§ **DESCRIPTION OF THE TASK**: Only the lines in the entries below from the line with "Wooden ergola with ceiling in backyard" to the line with "Triple White Nike", both included, belong in the answer, transcribed exactly and without pictures.

§ **SOURCE DATA**:
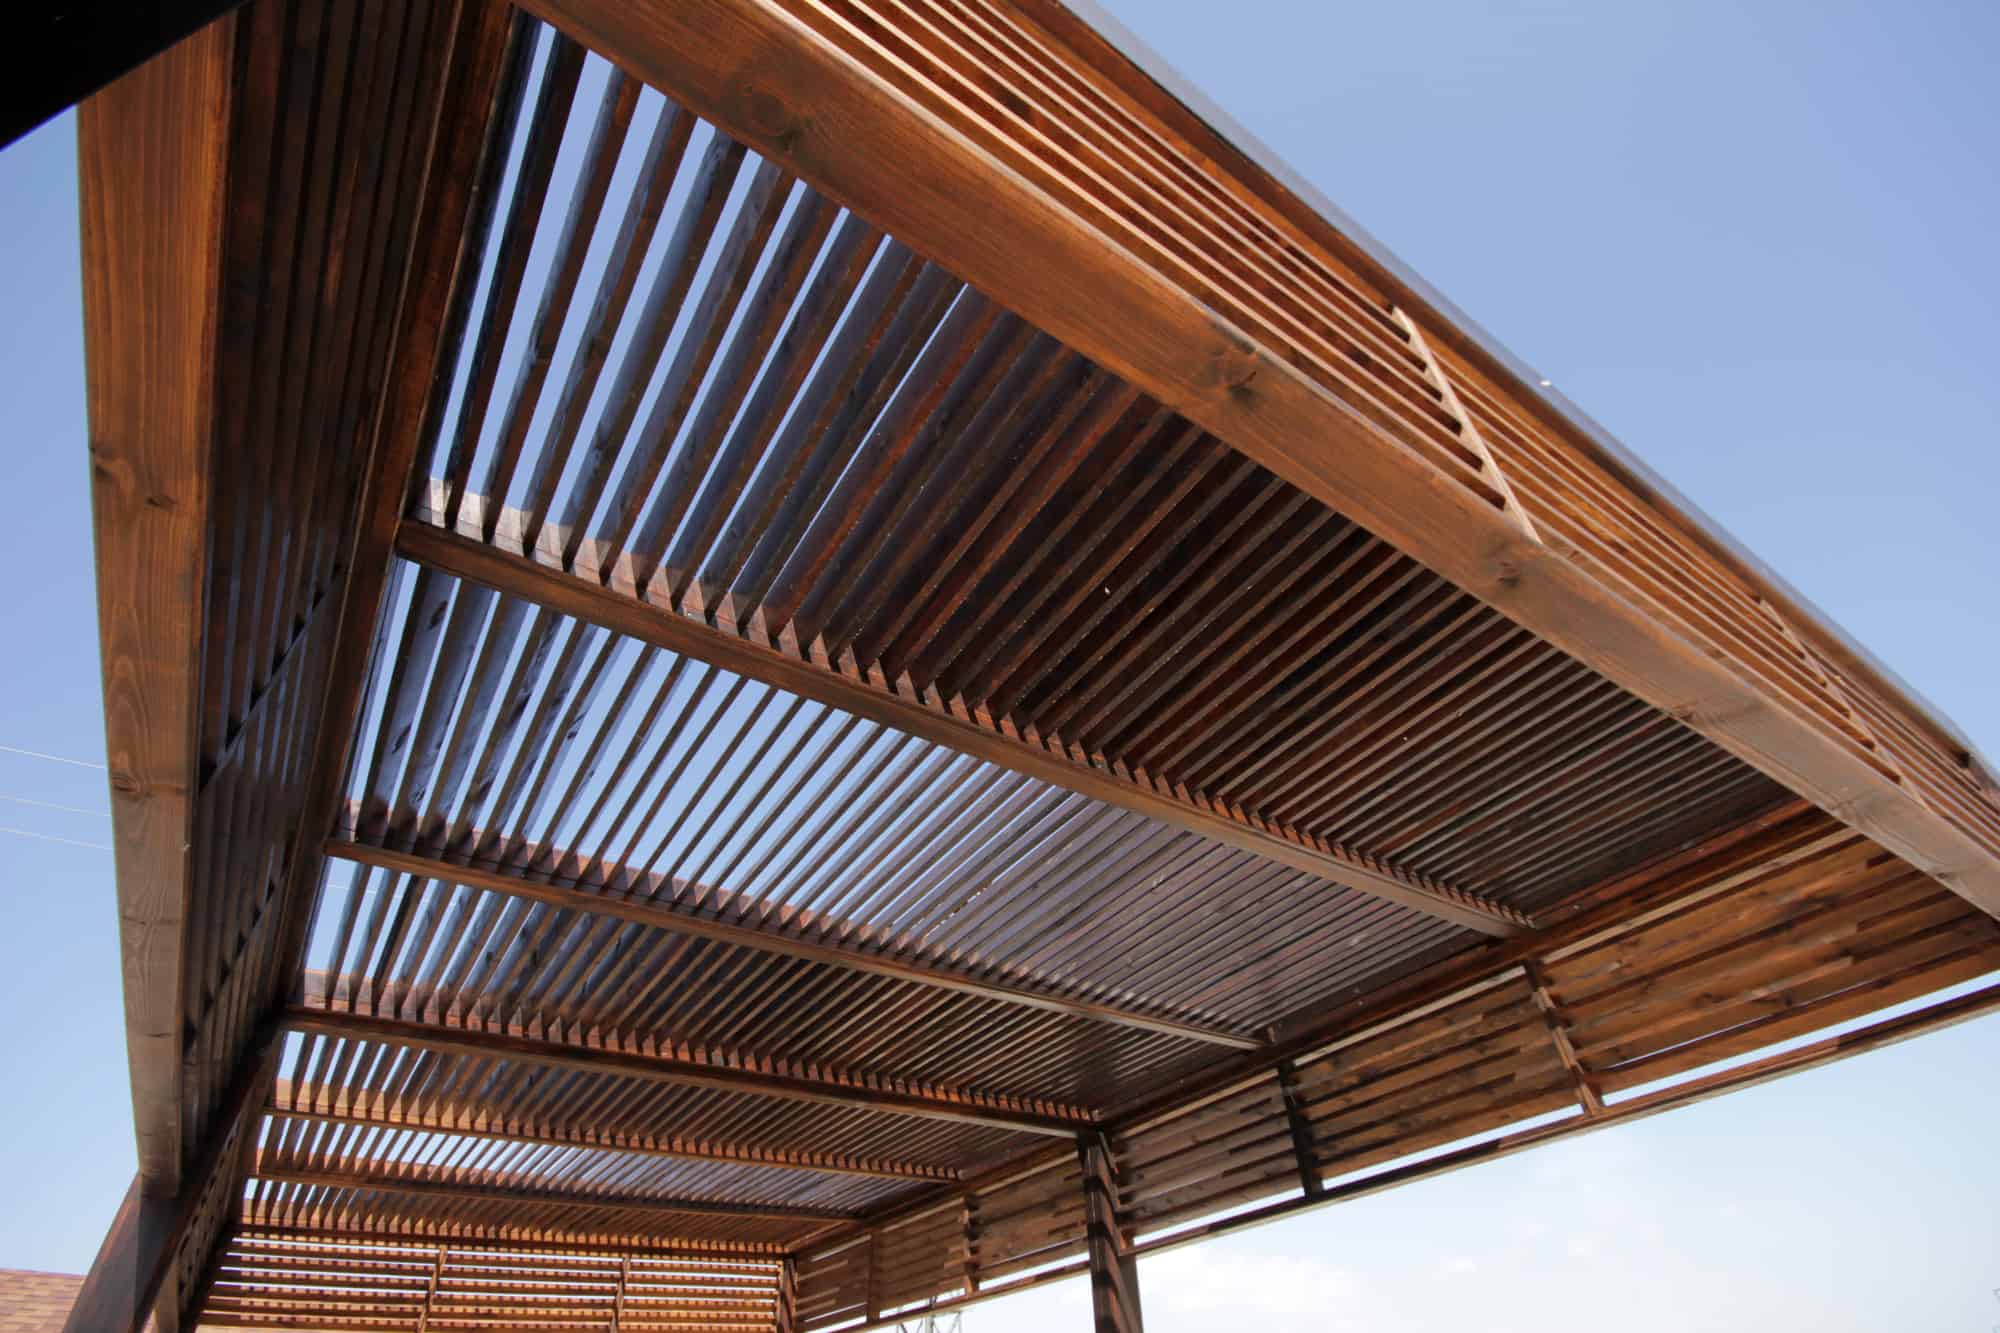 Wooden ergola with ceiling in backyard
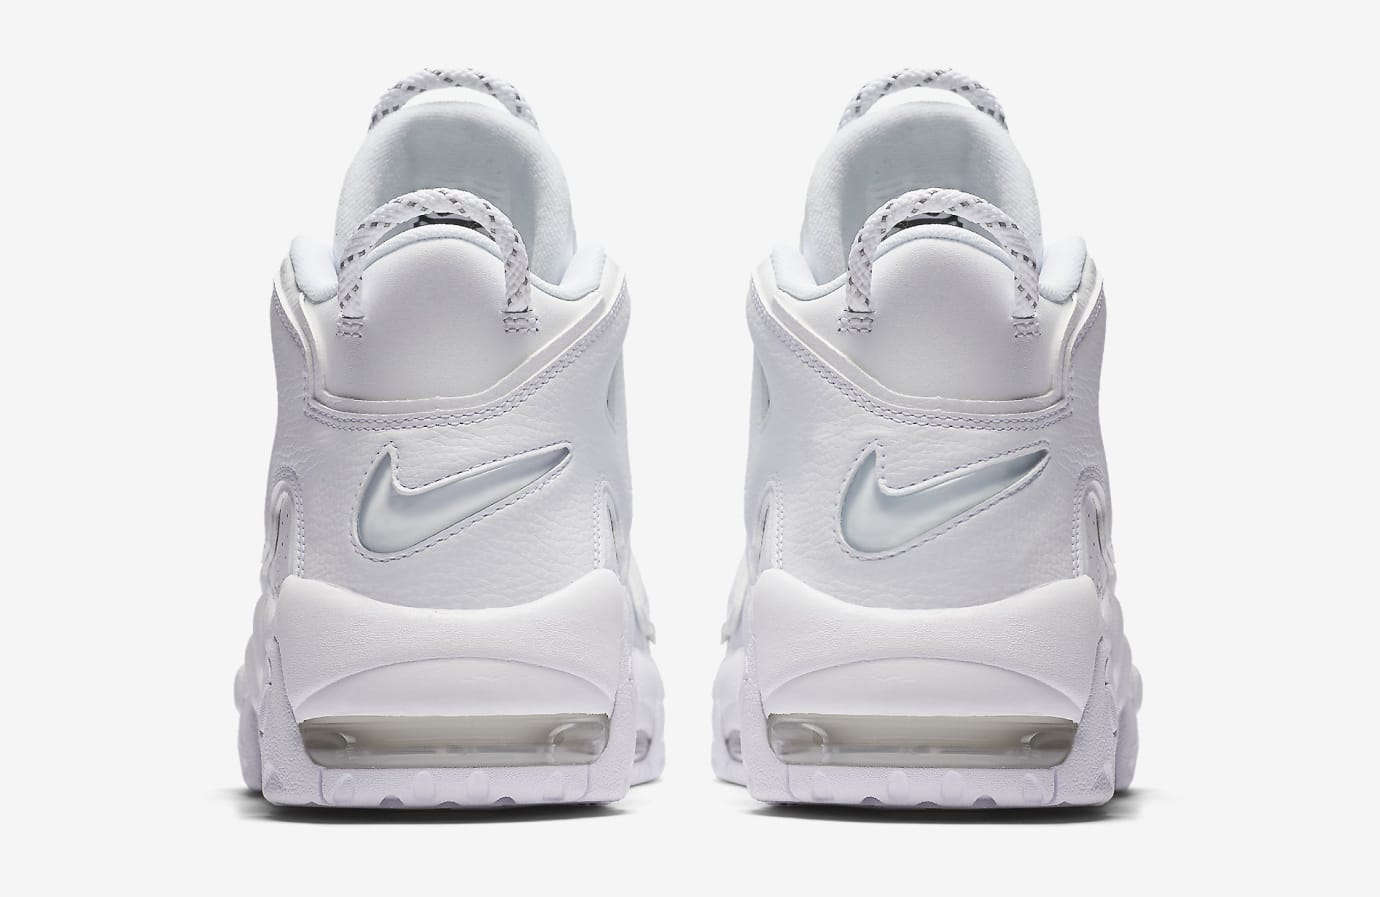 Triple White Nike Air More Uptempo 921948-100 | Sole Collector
* * *
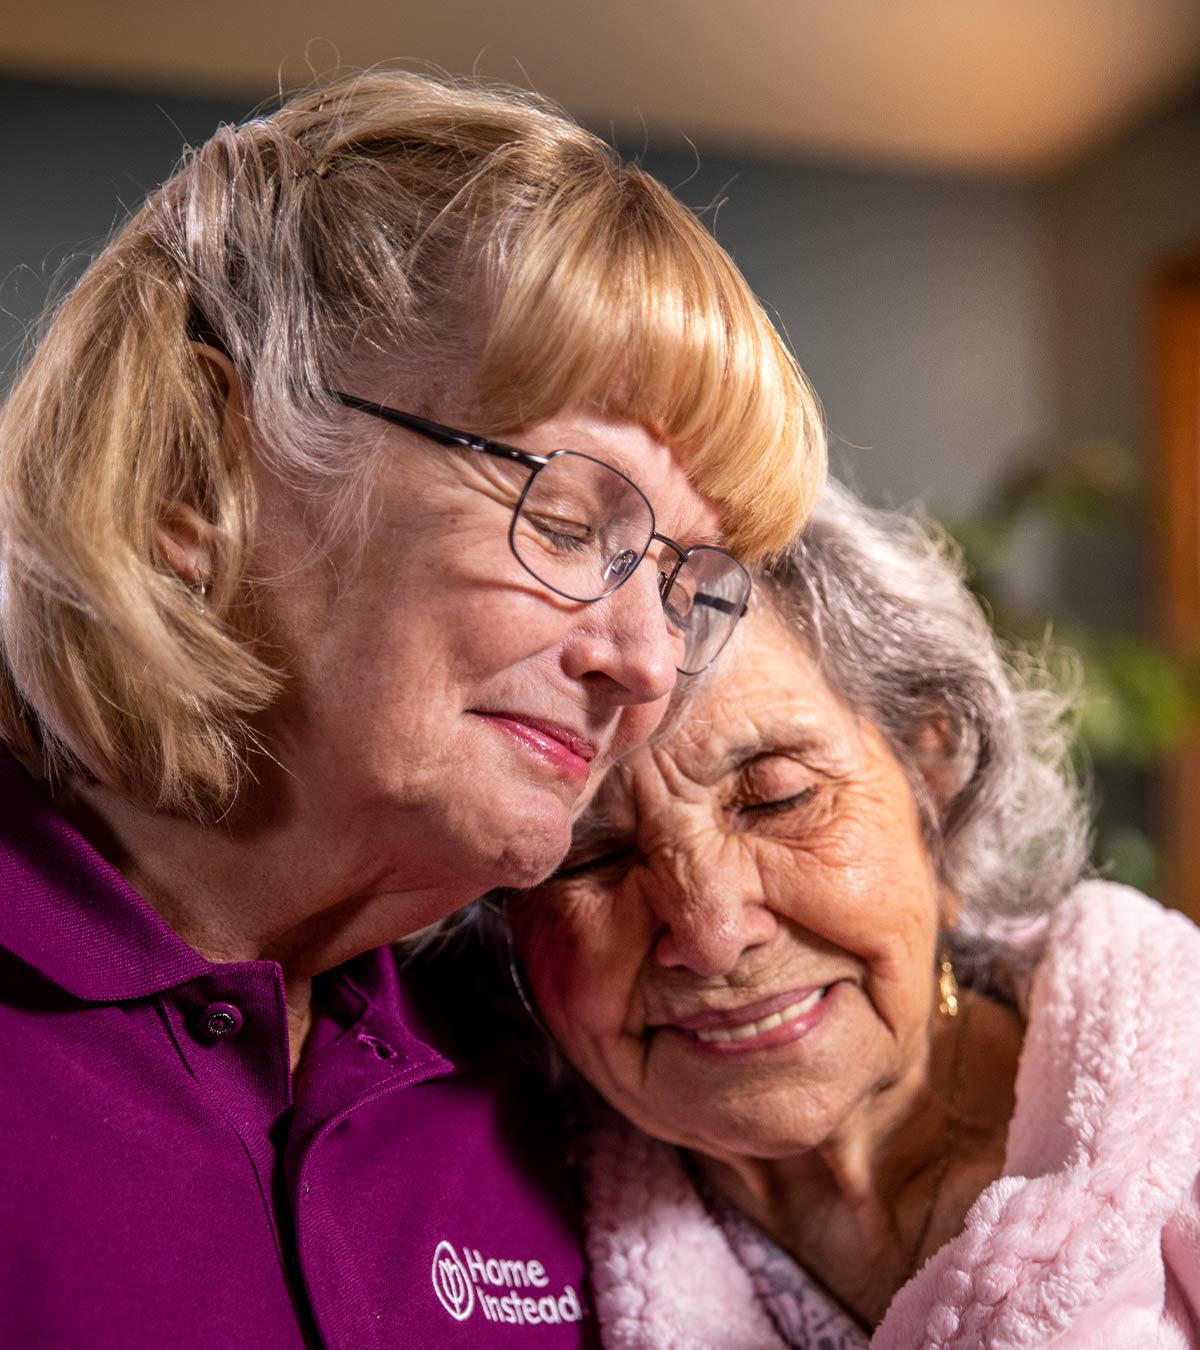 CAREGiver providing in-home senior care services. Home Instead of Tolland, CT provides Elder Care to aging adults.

§ **RESULT**:
 Wooden ergola with ceiling in backyard
 Triple White Nike Air More Uptempo 921948-100 | Sole Collector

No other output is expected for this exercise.